The key conclusion to draw from this example is that spot prices, rather than long-term contracts, dictate the dispatch of power plants. If the market heat rate is higher than the unit's operating heat rate then generate, and if it is lower, then shut the unit down.
In sum, the operating decision is independent from any financial contracts and/or physical obligations entered previously.
The example above shows that the utility is able to extract additional dollars from the generation unit greater than the $2,160 per MW quoted by the power marketer. Thus, it is reasonable to presume that the unit is "worth" more. But how much more? The BS option pricing method is a good starting point for determining that additional worth.
The value of a spark spread call option consists of its intrinsic value and its "option" value, which is driven by the uncertainties of the underlying energy prices. The power marketer's proposed $2,160 per MW or $5.87 per MWh is equivalent to the intrinsic value of the option, an amount that the utility can lock in today.
The BS pricing formula gives the total worth of the spark spread call option, including both the intrinsic and the "option" components. Therefore, using the parameters noted above, the spark spread call option maturing in 6 months is worth about $7.50 per MWh. %n6%n This translates to a price of $2,760 per MW (or $7.50 per MWh for 368 on-peak hours). The power marketer could realize as much as, if not more than, $600 per MW if the utility operator signs the proposed deal. The utility would have left about 20 percent of the money on the table. In sum, the BS pricing model has provided an indication of what the spark spread call option may be worth in the marketplace. However, actual transaction prices in an illiquid market still depend on the relative acumen of the negotiating parties.
Michael Hsu is senior analyst at Edison Enterprises. He is also a doctoral candidate in the Engineering Economic Systems and Operations Research at Stanford University. Nguyen T. Quan, Ph.D., teaches at UCLA Extension and is a principal at N. T. Quan and Associates, an economic consulting firm in Los Angeles. The authors thank Edward Kahn, Ph.D., and Robert Michaels, Ph.D., for their helpful comments. A more technical and detailed treatment of these concepts, written by the first author, "Spark Spread Options Are Hot" appears in the March 1998 issue of The Electricity Journal.

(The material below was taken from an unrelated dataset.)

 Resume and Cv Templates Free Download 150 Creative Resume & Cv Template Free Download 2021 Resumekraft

1 The plant operator also must consider various costs (e.g., start-up costs, no-load costs) and operating requirements (e.g., start-up time, minimum shut-down time and ramp rates) before bidding his units into the market place. When the operator runs multiple units, he should also consider portfolio impacts (e.g., one unit providing reserve requirement for another).
2 Using the nomenclature of options, the operating profit per MWh, or the payoff, is written as: Profit per MWh 5 max(Pe 2 HR 3 Pg, 0).

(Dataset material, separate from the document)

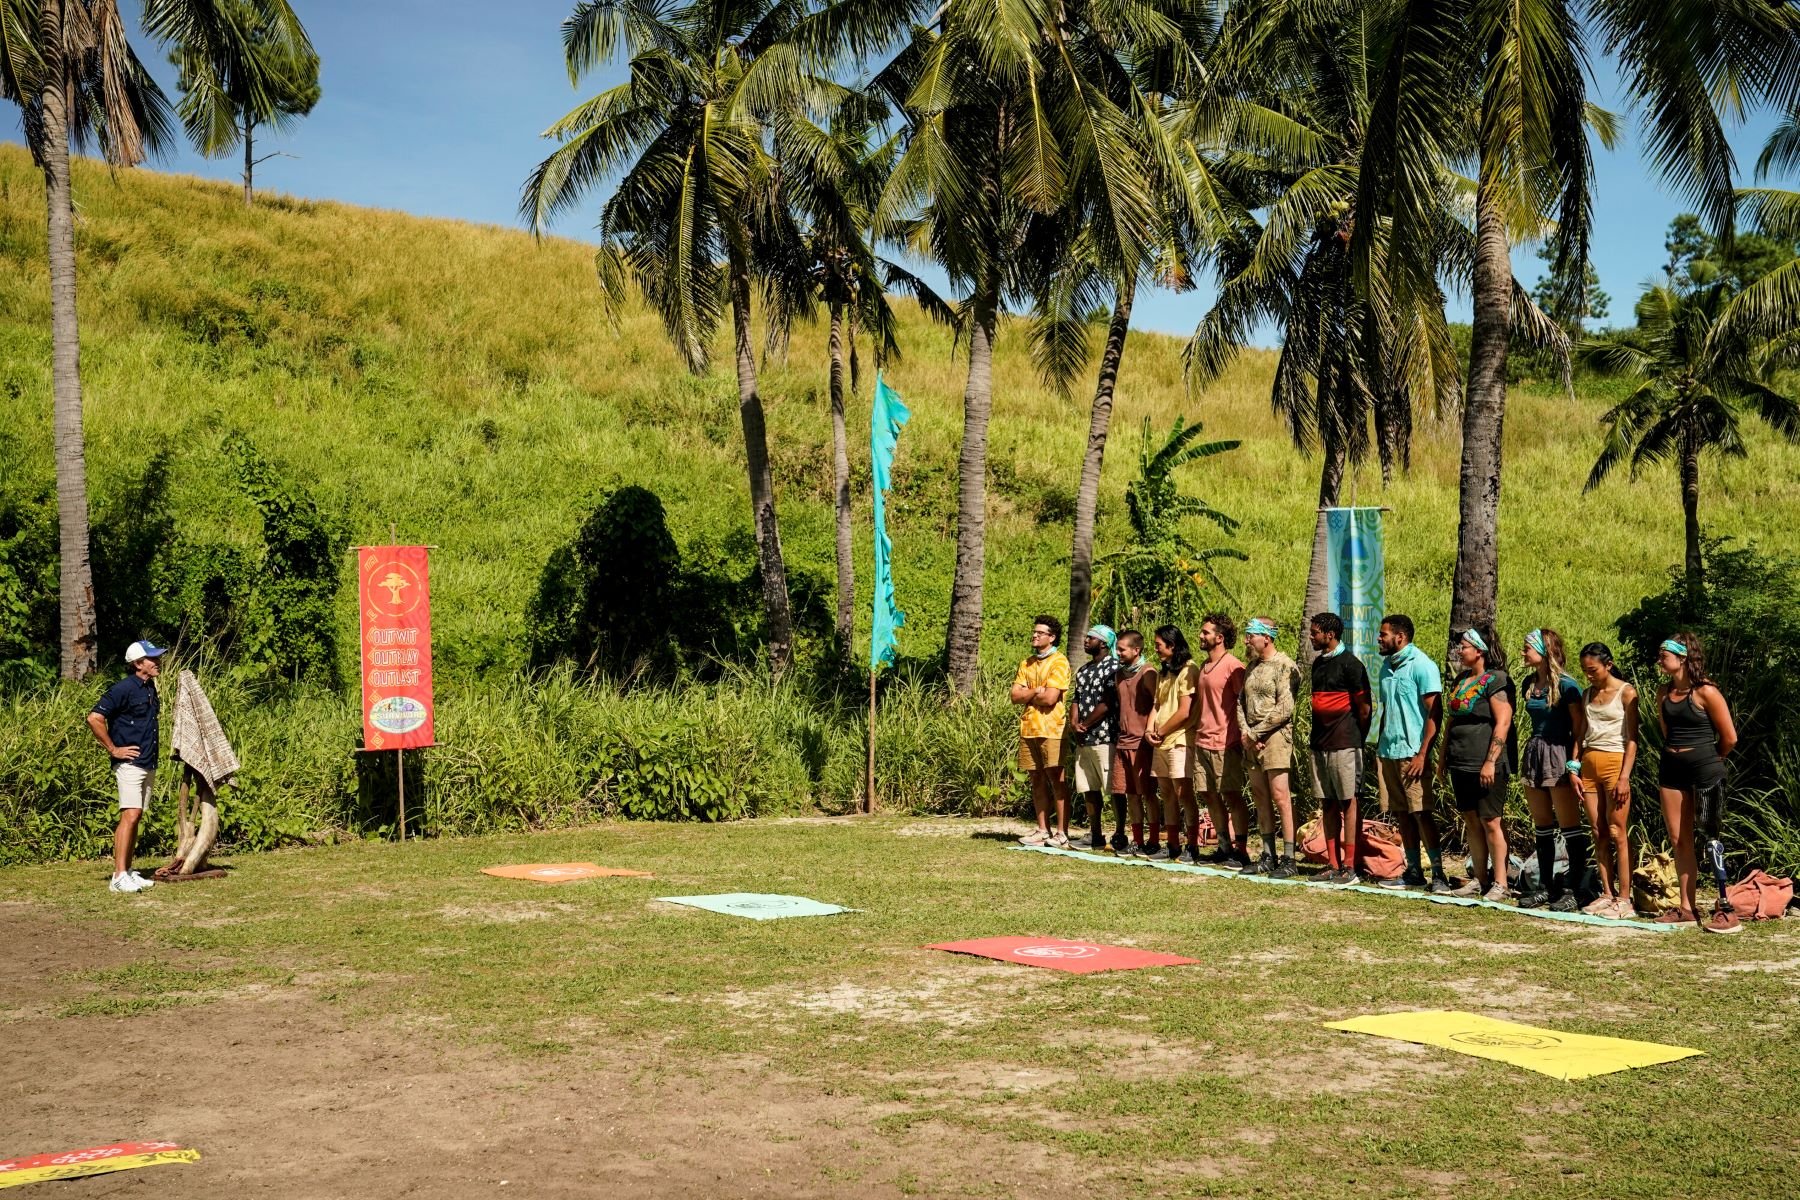 Host Jeff Probst explains a challenge to the remaining 12 'Survivor' Season 43 castaways, one of which will be the winner.

3 On the wholesale market, natural gas price is expressed in terms of dollars per MMBtu, while electricity contracts are valued in dollars per MWh. Note that when a futures contract is taken to physical delivery, the delivery period is over the entire month.
4 One NYMEX electricity contract calls for 2 MW to be delivered for 16 on-peak hours each day for 23 days, totaling 736 MWh over the entire month.

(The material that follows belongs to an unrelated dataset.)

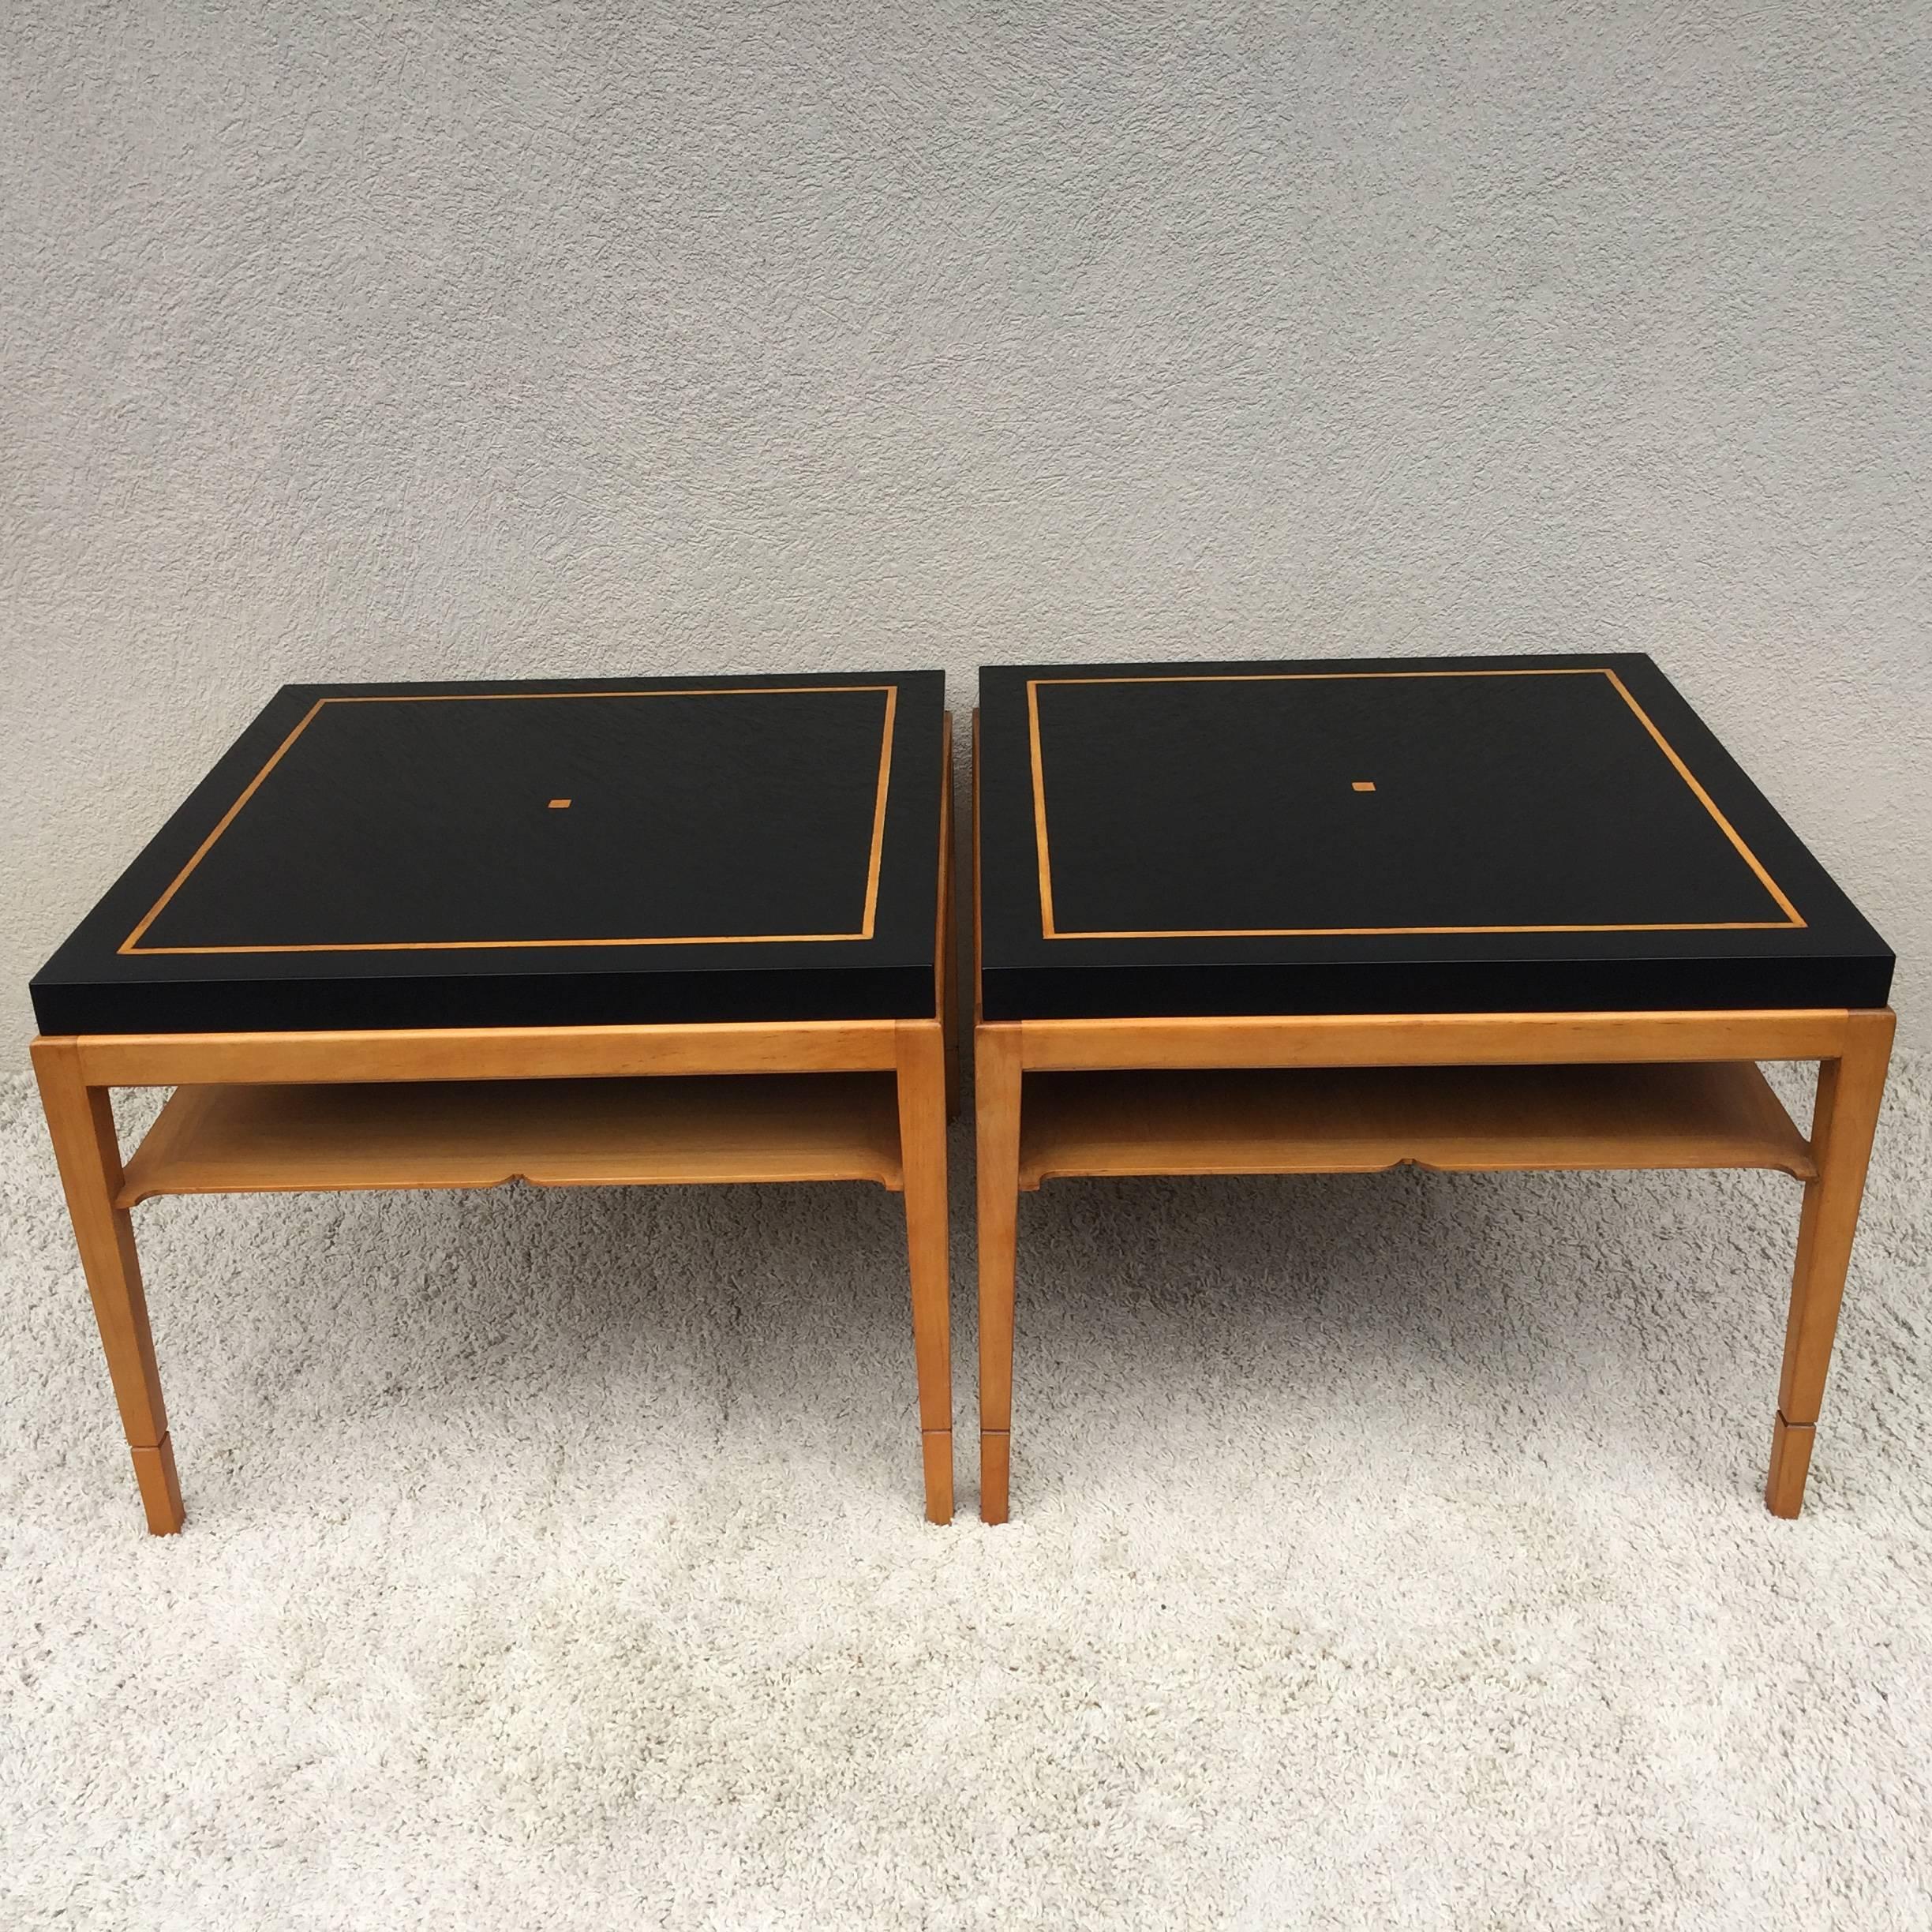 Pair Tommi Parzinger for Parzinger Originals two-tier Hollywood inlaid dark walnut top tables, end tables/ nightstands, in hand rubbed finish.

5 In other words, electricity and natural gas prices do not follow a log-normal distribution as assumed by the BS approach, rather they revert to a long-term mean value, possibly driven by production cost. Also, critical to the BS valuation formula are the volatility of prices and correlation between them, which should be forward looking rather than statistically determined from historical data.
6 Many financial software programs can evaluate BS option models. We use a program aptly called the Positron Energy Pricer.